Minute 5/519             BMA Junior Members Forum 2009         
The 2009 Forum will be held at Clare College, Cambridge over the weekend of 28th and 29th March and will be on the subject of “Family values”. We will send out details to members and if anyone would like to attend please can they let us know.
 
Action:              Mrs Hallahan to email date of meeting to members

Minute 5/520             Review of NHS Complaints Procedure  
Mentioned earlier in the meeting.
 
Minute 5/521             EPS System            
Jon Bennett from Worcestershire PCT sent an email giving an update on the EPS System. Secretary went through these figures with members of the committee.
 
Minute 5/522             Personal Health Budgets  
The DH has launched a 3-year pilot programme on personal health budgets (PHBs).
PCT-led pilot sites will be announced in May, and the deadline for applications is 27 March. The pilots will commence work later in the summer. The Secretary said that we were not in the pilot so will have to see what happens with this.

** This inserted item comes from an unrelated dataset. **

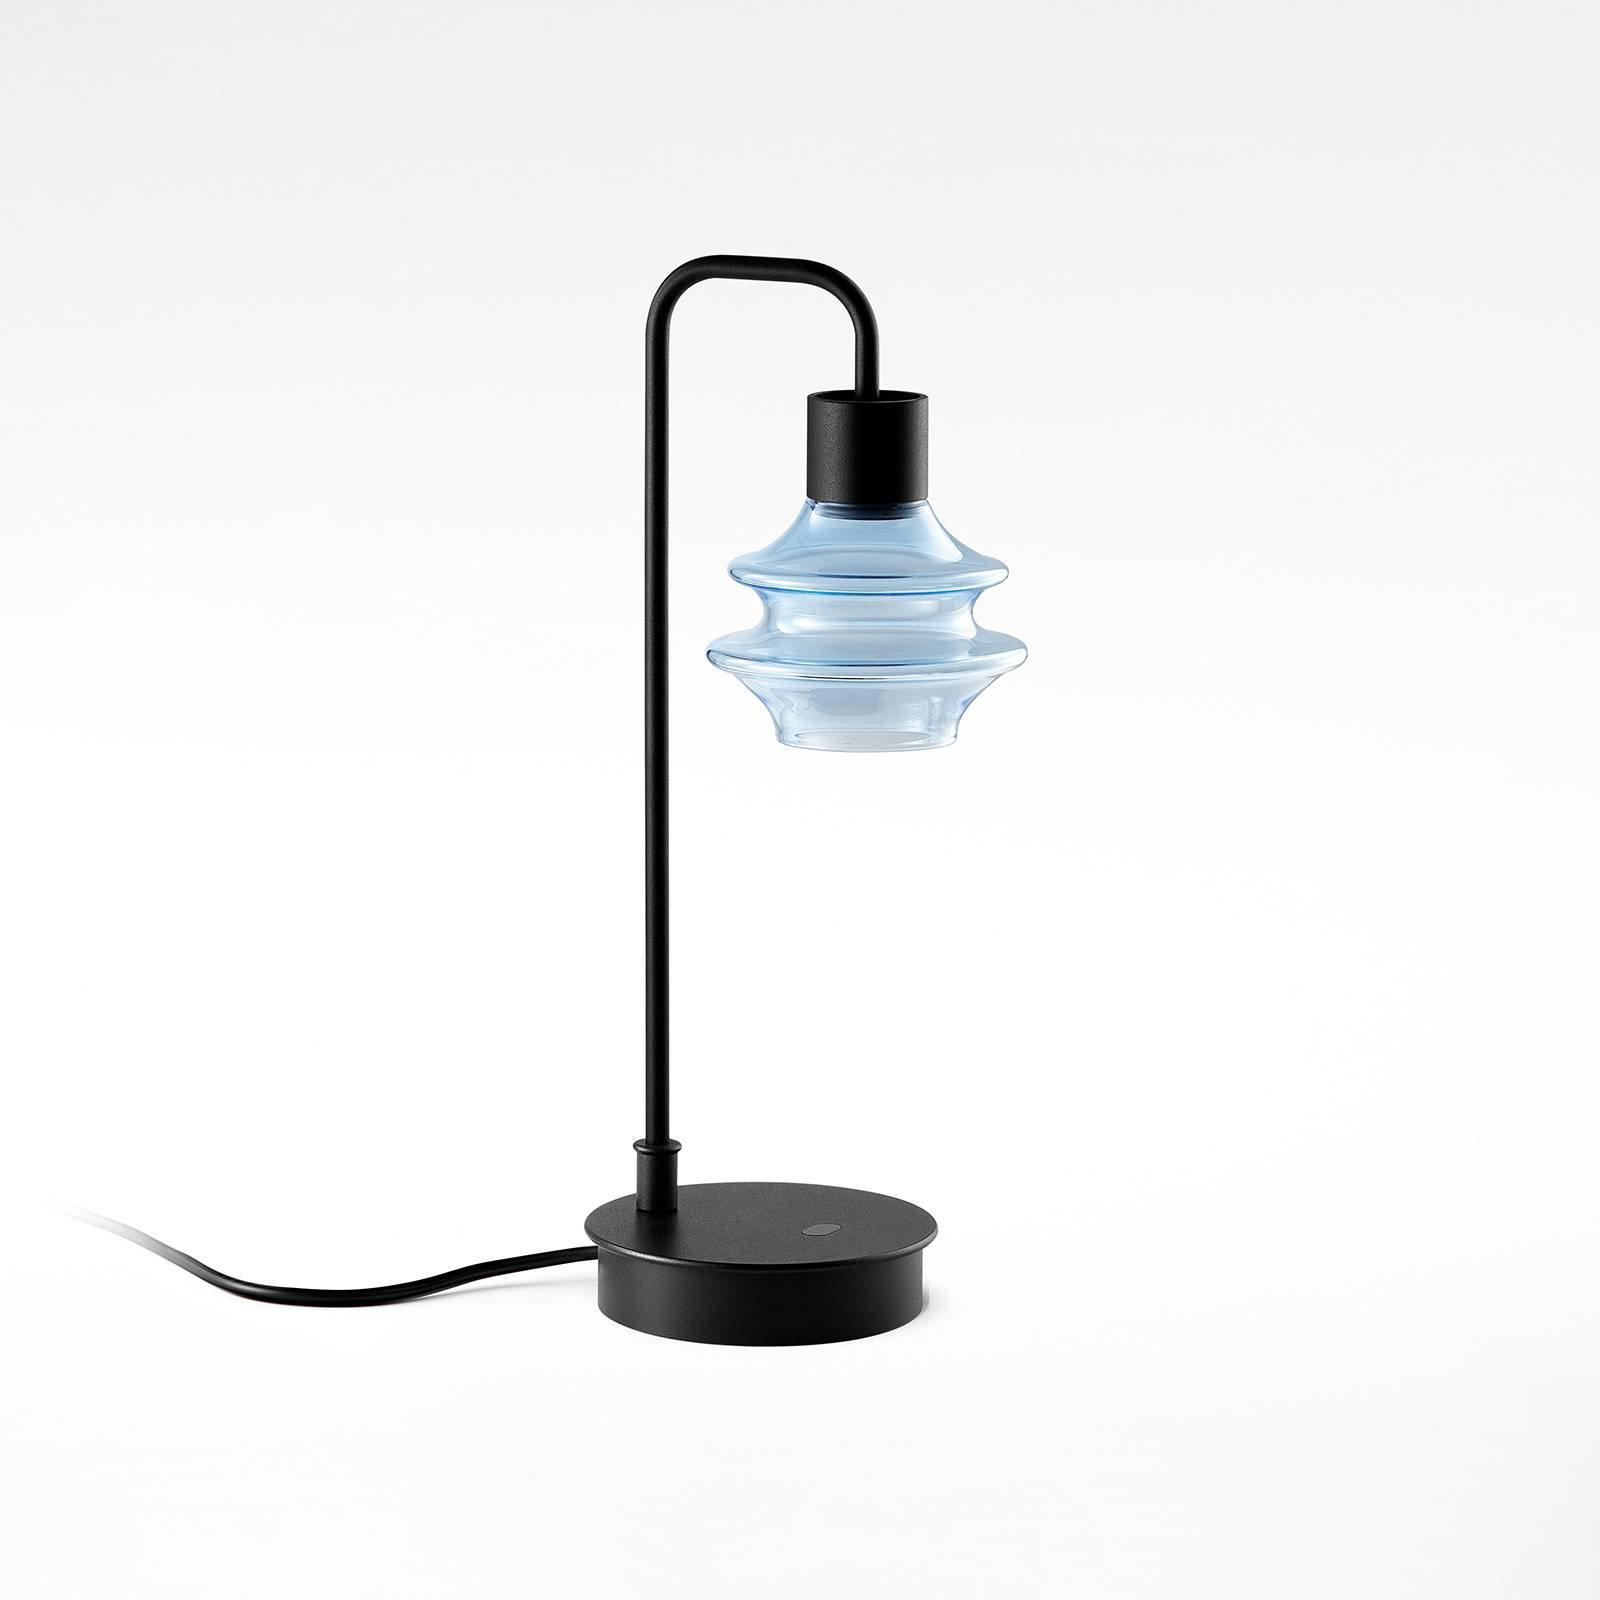 Bover Drop M/36 LED-bordlampe blå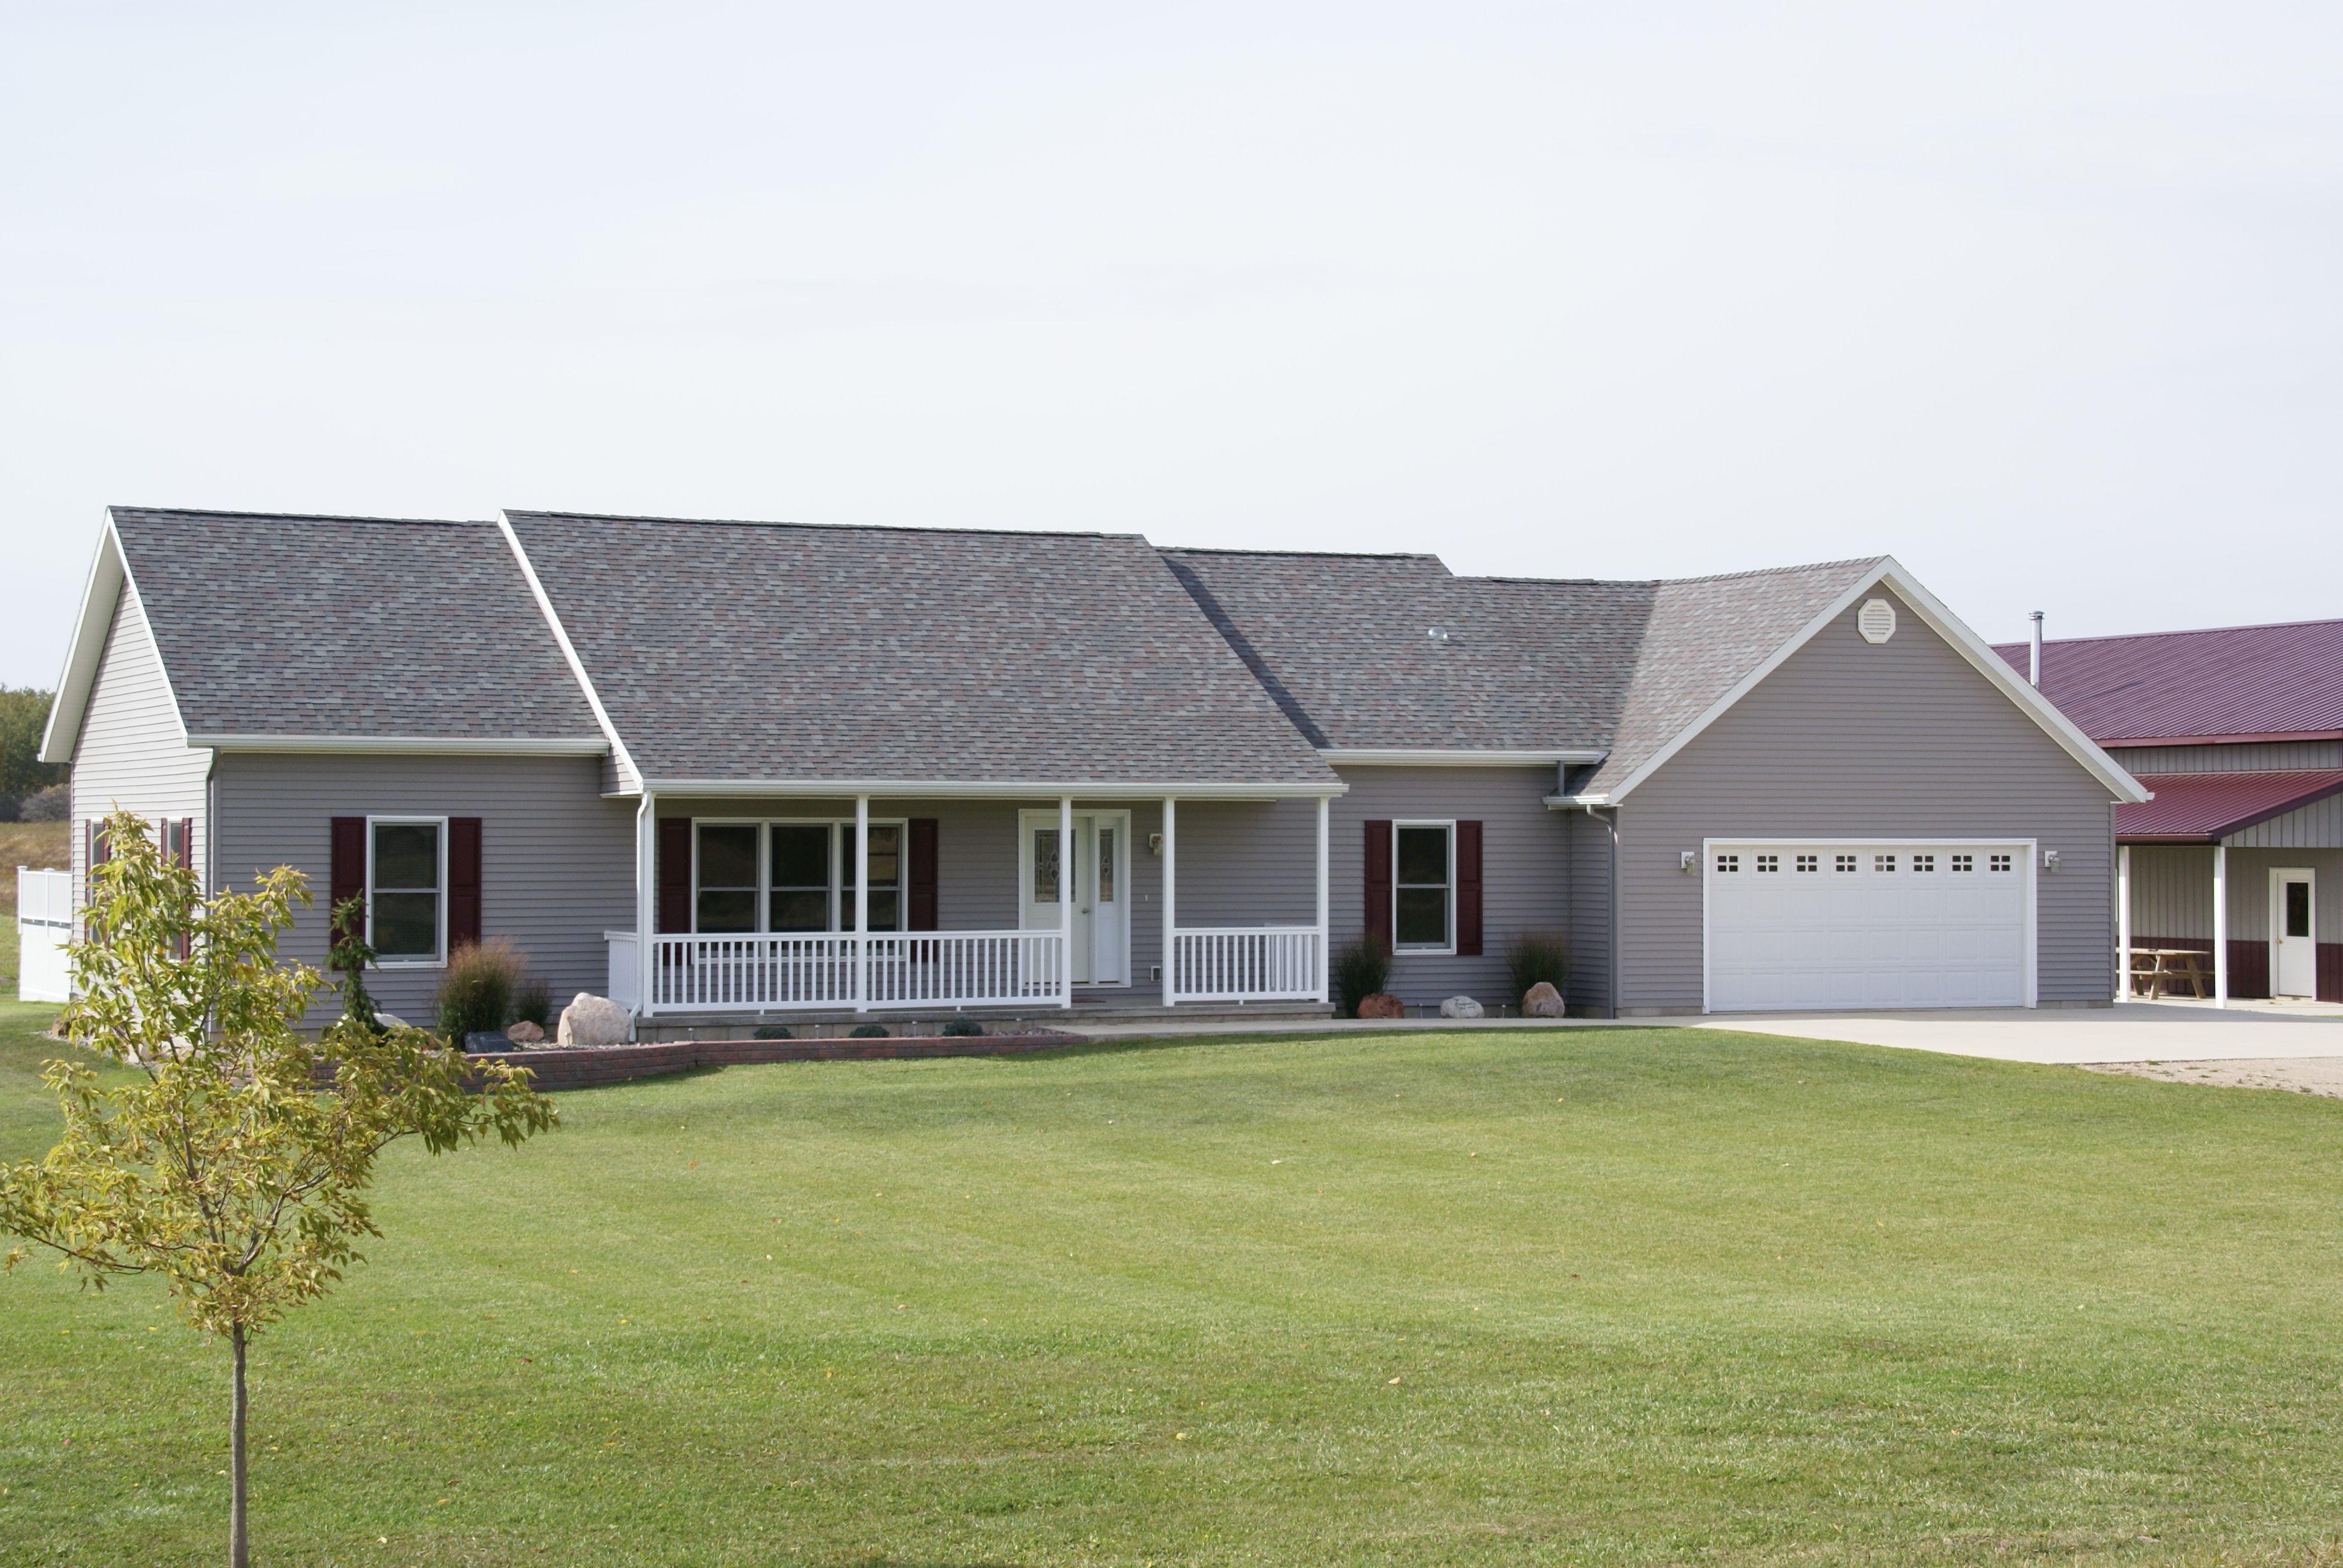 Custom Ranch Modularhomes By Northwood Modular Homes Inc

Minute 5/523 Myeloma Screening           
Dr O’Driscoll mentioned this screening programme which has stopped in Worcester. Dr Kinsman said he can deal with this through the Pathology User Group. Dr O’Driscoll will send the details to Dr Kinsman for him to deal with.
 
Action:              Dr O’Driscoll to send the details to Dr Kinsman
 
Minute 5/524             Access to GP systems       
Dr Kinsman said this was a real problem, if practices gave a password and access to a practice computer to a person not employed by them they could be in serious trouble. The Secretary asked the GPC on their views on I.T. and confidentiality. They have said they have no views on this. Dr Ingrams is of the view that unfettered access is not acceptable and certainly not without informing patients first and allowing them to opt-out. The committee discussed what the LMC could do as we cannot tell practices what to do. Secretary suggested we put something in the newsletter to say that they need to review and consider their own policy. Committee agreed and also suggested the Secretary write to the Caldicott Guardian at the PCT and let practices know that we will be doing this.
 
Action:              Secretary to write to PCT and put this in the Newsletter
 
Minute 5/525             Prescriptions for pre-op patients found to have MRSA           
Worcester GPA has raised this issue, which was initially raised by Dr Keeble, which relates to whose responsibility is it to organize and prescribe treatment for patients who are found at pre-op check to have positive swabs for MRSA. Dr O’Driscoll said that he wanted to discuss this with the LMC on behalf of Worcester GPA. This could potentially be a huge issue. Practices could start doing one or two of these and it could escalate into many more. Dr Kinsman suggested writing to Jane Stockley in the first instance. Committee discussed in more detail.
 
Action:              Dr O’Driscoll / LMC Secretary to write to Jane Stockley
 
Minute 5/526             ECG’s for Psychiatrists      
Dr Nederlof contacted the LMC about a new consultant psychiatrist for the elderly in Evesham. He wants practices to provide him with an ECG for every patient referred with memory problems. There was differing views on this, very similar situation to the subject above but the committee felt that they did not have enough time to discuss this fully and agreed to discuss this in more detail at the next meeting.
 
Action:              C/F to next meeting
 
Minute 5/527             Ambulance Transport Bookings  
Ran out of time. Committee agreed to discuss this at the next meeting.
 
Action:              C/F to next meeting
 
 
 
Items B
Circulated
 
 
Items C
 
Application by Sainsbury’s Supermarkets Ltd for inclusion in the Pharmaceutical List at Abbey Trading Estate, Redditch. No objection.
 
Application for a minor relocation by Lloyds Pharmacy under 500 metres from 10 Cornmarket, Worcester to Spring Gardens Health Centre, Worcester. No objection.
 
Application from Mr A Tanday for a change of ownership of the pharmacy at 24 Comberton Hill, Kidderminster, currently owned by Knights Chemist Ltd. No objection.
 
 
CLOSED MEETING (if appropriate)
 
The Chairman closed the meeting at 10.05 p.m.